Lyme disease can be a serious illness spread by the bite of certain species of ticks. Lyme disease cannot be transmitted from person-to-person.

In Ontario, Lyme disease is typically spread to humans by blacklegged ticks (also known as deer ticks). While not all blacklegged ticks carry the bacteria that causes Lyme disease, populations of these infected blacklegged ticks are growing.

That is why it's important for people to take precautions.

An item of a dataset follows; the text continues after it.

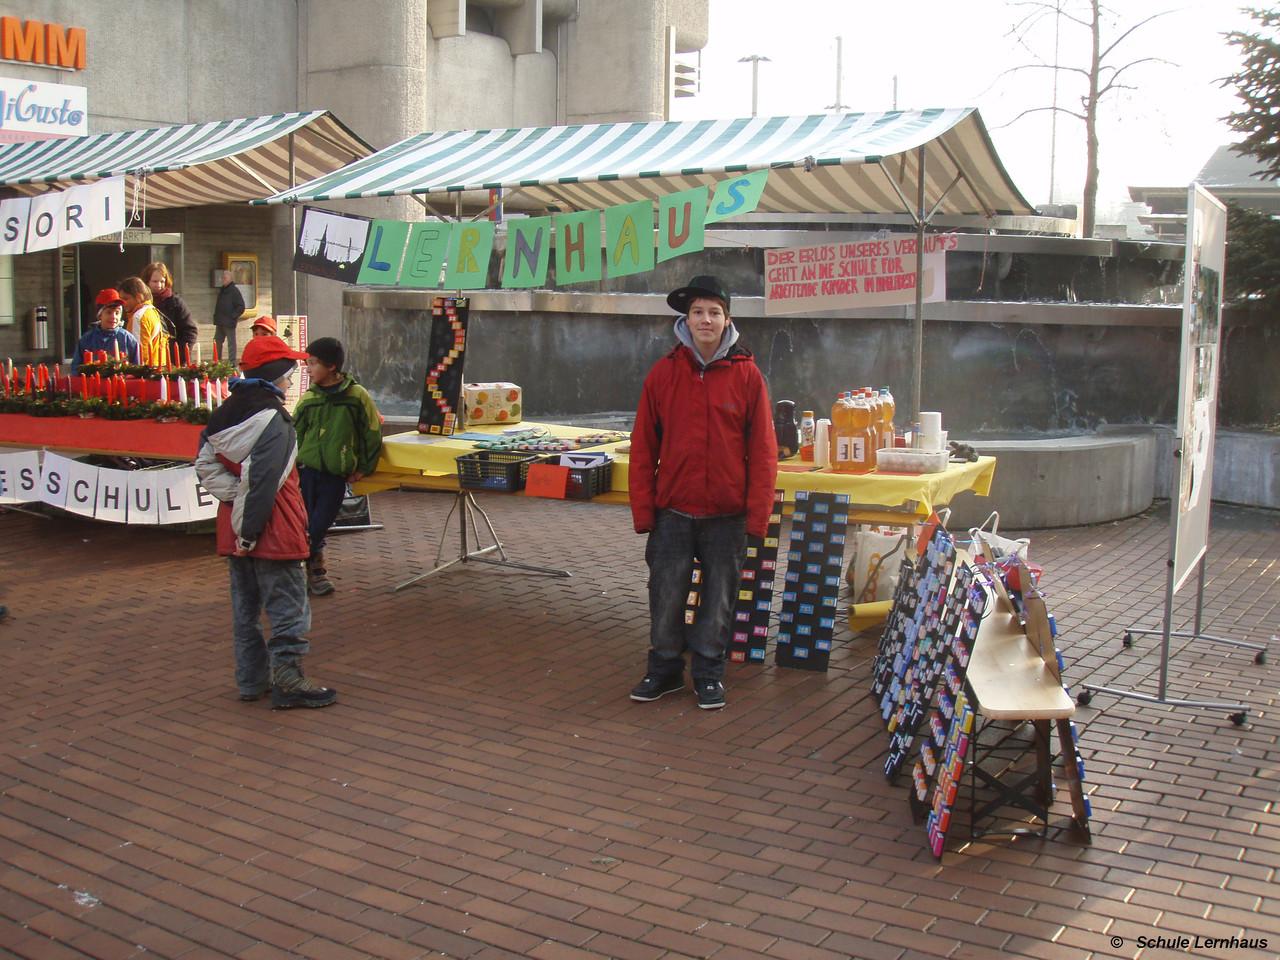 Weihnachtsmarkt in Brugg

Ticks: What You Need to Know

Ticks are closely related to spiders. They are small insect-like parasites that feed on the blood of animals, including humans. When unfed, ticks are usually one to five millimetres in length; after they gorge on blood, adult female ticks can be as big as a grape (see photos below).

bloated tick on skin

 ticks in various stages of feeding shown beside dime

Ticks cannot fly and move quite slowly. Typically, ticks come into contact with people or animals by settling onto tall grasses and bushes, and then attaching themselves to the passerby. It can take several hours for a tick to find a suitable place on the person or animal to attach and feed on the blood. Usually, it will take a blacklegged tick from three to seven days to fully feed. Ticks feed slowly, and their body gradually enlarges as they feed making them more visible.

Ticks are most likely to transmit infection if they are attached for more than 24 hours of feeding. That makes the prompt detection and quick removal of ticks one of the key methods to prevent Lyme disease.

Most tick bites are painless. While the majority of bites will not result in Lyme disease, it is still important to take precautions.